Tytuł wydaje się być zwodniczy ponieważ książka monografią nie jest. To wywiad-rzeka i krótsze wywiady z przyjaciółmi grafika, rysownika, ilustratora. Są wśród nich wydawcy, scenarzyści, rysownicy. Osoby, z którymi G. Rosiński zetknął się w swoim życiu i z pewnością wpłynęły na niego (w różny sposób) a on na nich. Nie wiem czy jest sens pisać o Rosińskim – prawdopodobnie każdy względnie zainteresowany fantastyką ma o nim pojęcie a z pewnością każdy kojarzy go z Thorgalem 😉
http://www.literatura.gildia.pl/tworcy/patrick-gaumer/grzegorz-rosinski/recenzja
Książka wydana jest bardzo elegancko, albumowo, w wersji nietypowej formatem ale i wagą. Z pewnością mogłaby być niezłym narzędziem obronnym – wiadomo! wiedza waży. Czyta się jednym tchem. Mamy wstawki z dzieciństwa (biorę Verne’a), powody zainteresowań kreską i artefakty (nietypowe, trzeba przyznać). Część poświęcona studiom i wytworom jest średnia ale za to fragmenty dotyczące tego, co robił Rosiński zanim został znany z tego, że „to ten od Thorgala”, są bardzo interesujące. Nie będę zdradzał, co dokładnie ilustrował, rysował czy do czego, mówiąc ogólnie, przyłożył rękę – w każdym razie jest to nad wyraz zaskakujące!
Oczywiście, mamy też wątki tematyczne o najbardziej znanych seriach ale też i o malarstwie oraz kwestie rodzinne (w tym o żonie). Parę razy Rosiński potwierdził moje przewidywania, co do głębokiego zanurzenia w przyrodzie i historii – co zresztą widać w jego twórczości doskonale. Pojawia się i kwestia serii Polcha wg Dänikena – Ekspedycja. Bogowie z kosmosu. Przyznam, że może i lepiej, iż Rosiński nie sfinalizował rozmów…Nie dlatego, że jest to złe ale trochę przekombinowane. Niemniej, dalej okazuje się, że były i kolejne próby do podobnej – o wiele bardziej udane.
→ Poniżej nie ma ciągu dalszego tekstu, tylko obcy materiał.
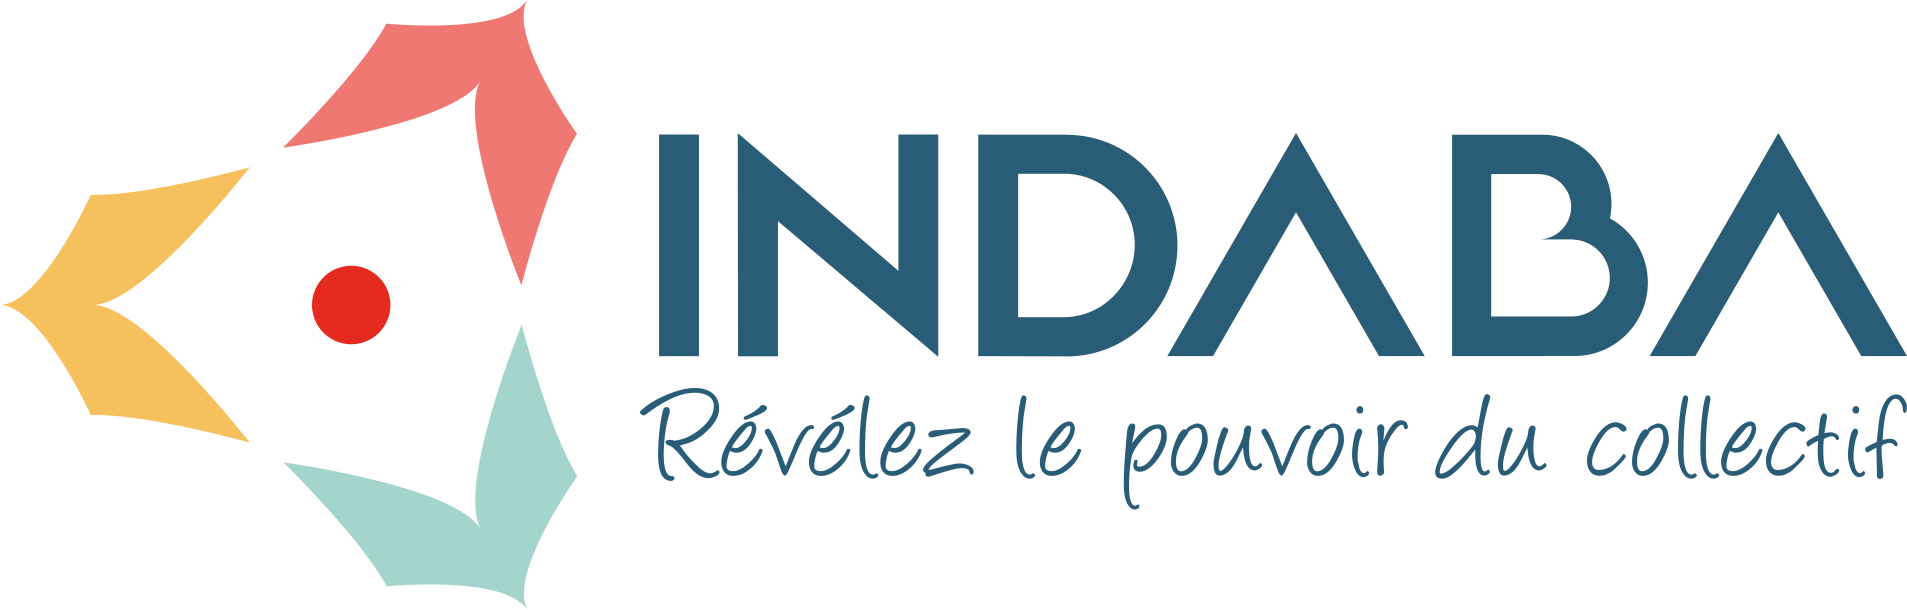 Logo Indaba : 3 tentes de couleurs en cercle autour d'un point qui représente symboliquement un feu de camp. Sous le nom Indaba apparait la baseline Révélez le pouvoir du collectif.

Osobiście „odkryłem” Rosińskiego pacholęciem będąc, zapomnianym już nieco cyklem Pilot śmigłowca (już wiem dlaczego po 5 części spisałem na straty), potem wygrzebałem zakurzonego Żbika, Legendy polskie (mroczne!), Thorgala i Yansa i jakiś obdarty Relax. Nie mogę nie wspomnieć również komiksu związanego z Janem Wolskim i Emilcinem!
Słabości albumu? Gaumer mógł jednak bardziej drążyć, także w stronę anegdot a graficzny sposób przekazu jest dyskusyjny – odpowiedzi Rosińskiego są widoczne, pytania niestety już mniej… Nie zmienia to jednak faktu, że pozycja jest z cyklu obowiązkowych na półce m.in. za wydanie i zestawienie na końcu – gdzie i co. Ułatwia szukanie nie tylko fanom 🙂
Konkretna cegiełka, masz rację co do walorów obronnych 😀 Z komiksem jestem na bakier, ale zachęcony po spotkaniu (i tej recenzji też oczywiście!) na pewno chociaż przejrzę!